= DIRECTIONS =
Below are records to print word for word; include none of their pictures.

(Excerpts from a dataset)
----
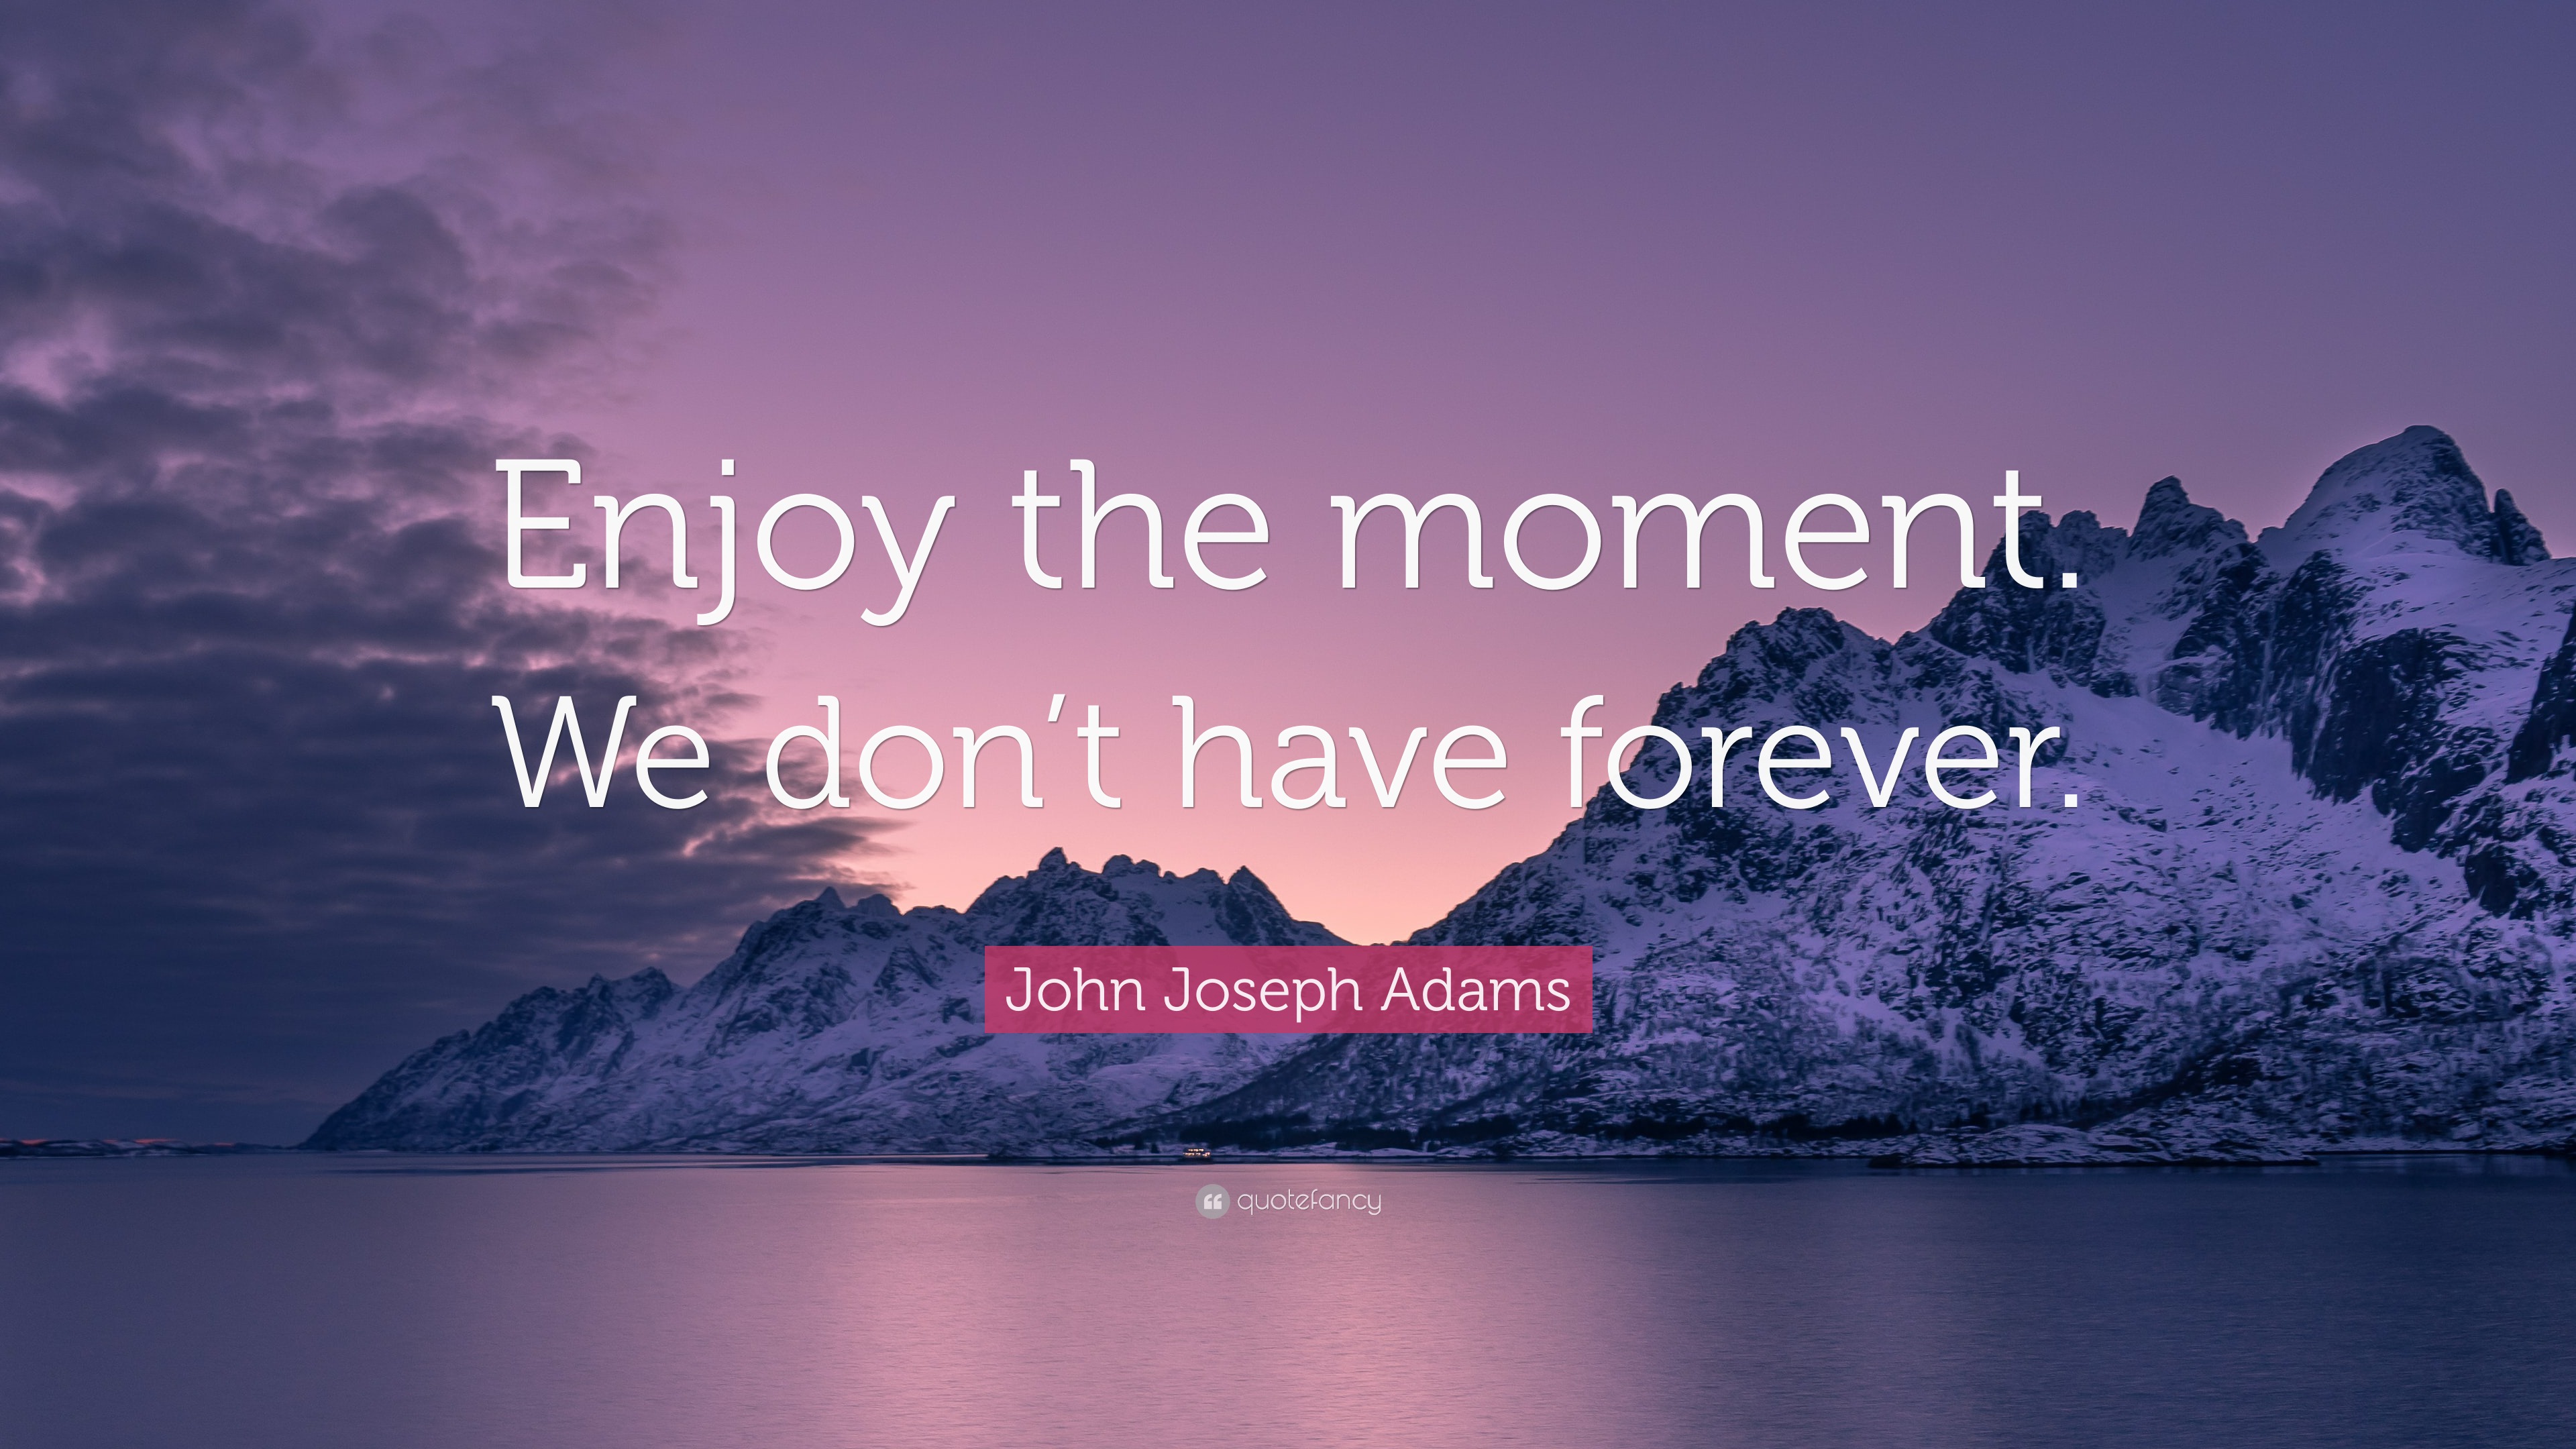 Do you enjoy “the” moment?
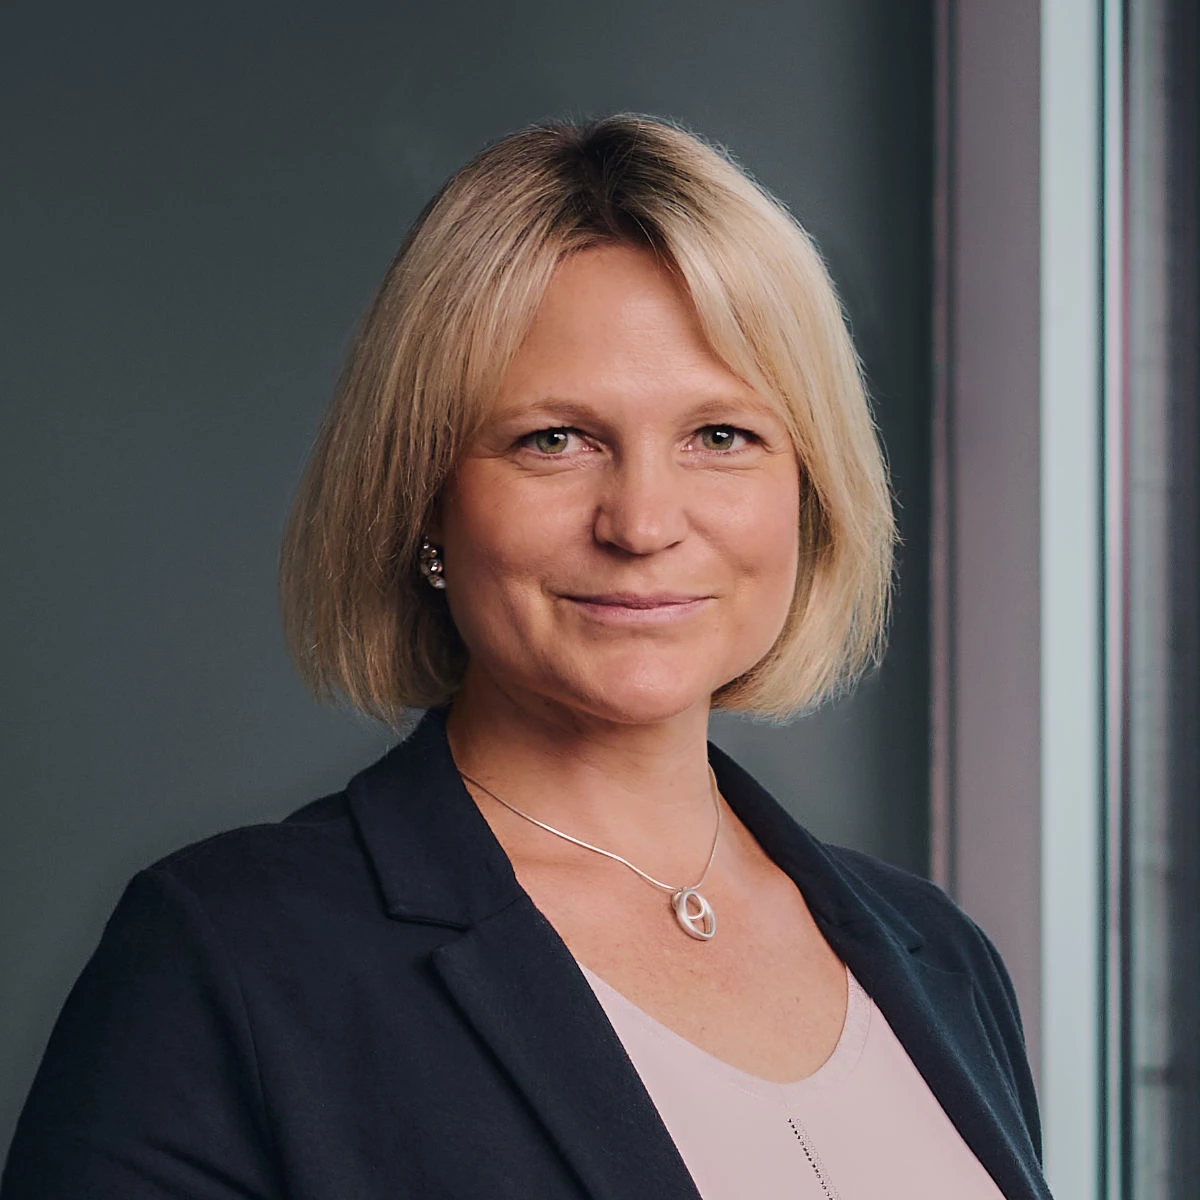 Annette Kroger, CEO, North & Central Europe, Allianz Real Estate
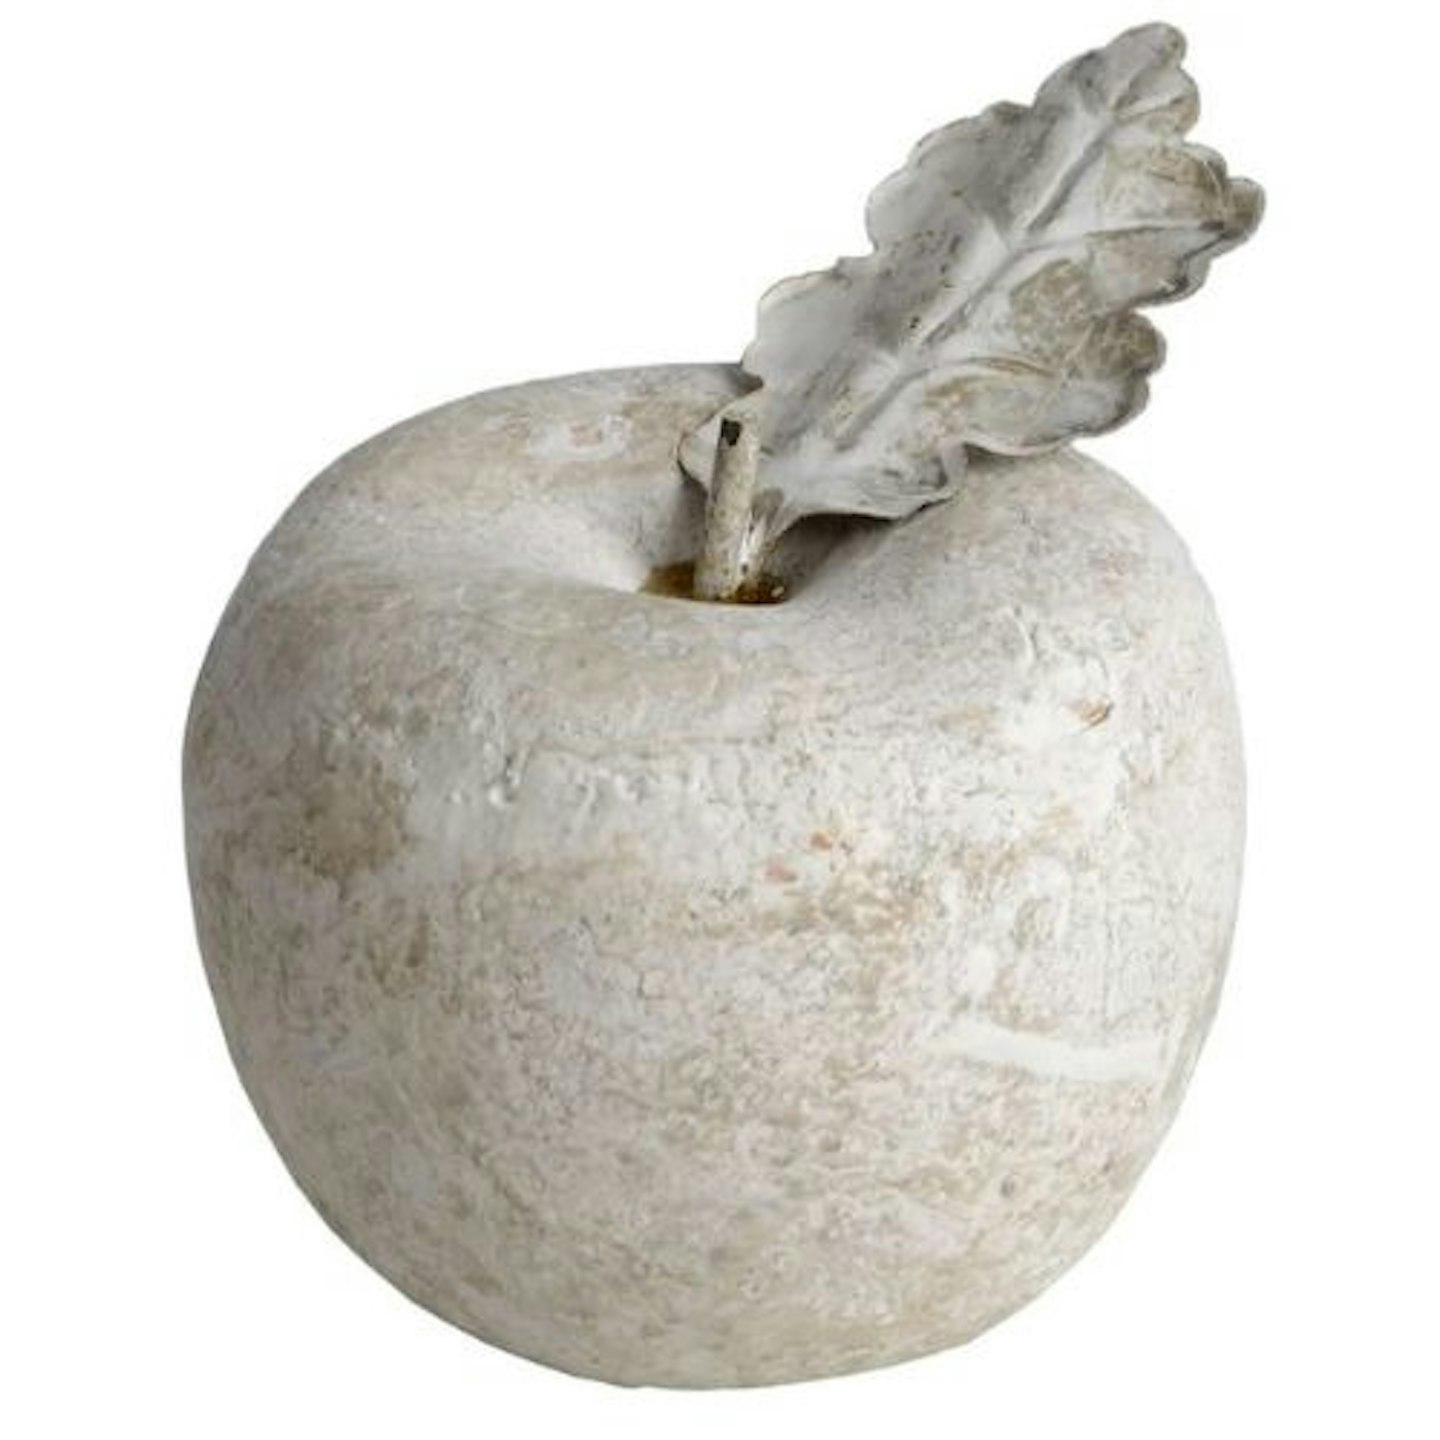 Pari Apple Garden Ornament
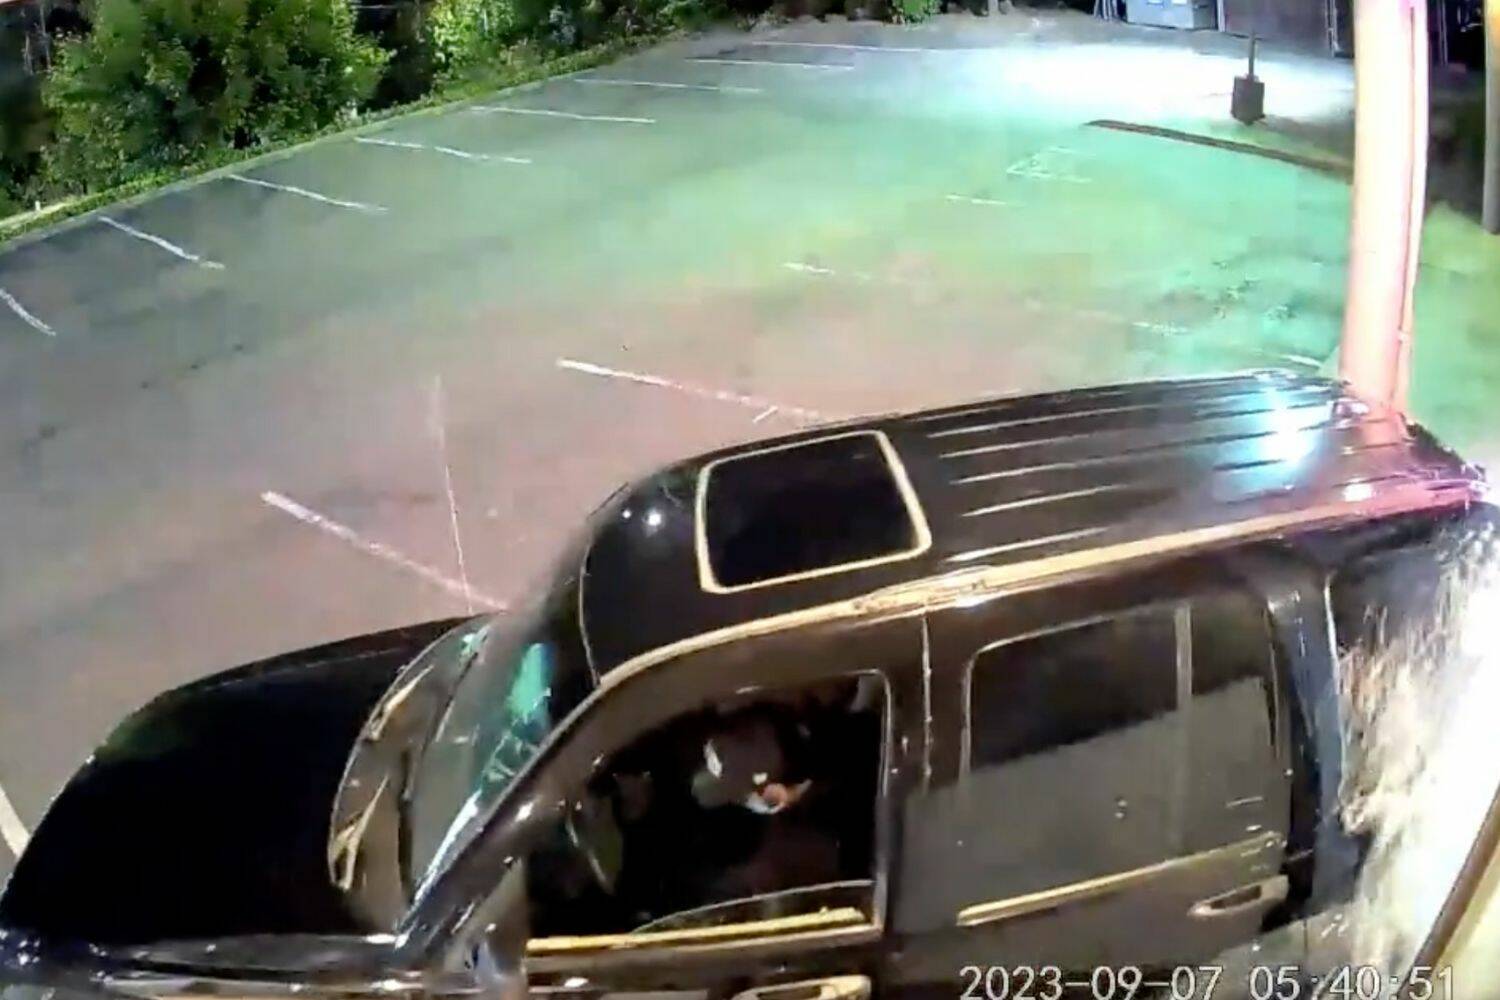 Courtesy of RPD
Surveillance footage of suspected smash-and-grab burglar.
----
= TASK SOLUTION =
 Do you enjoy “the” moment?
 Annette Kroger, CEO, North & Central Europe, Allianz Real Estate
 Pari Apple Garden Ornament
 Courtesy of RPD
Surveillance footage of suspected smash-and-grab burglar.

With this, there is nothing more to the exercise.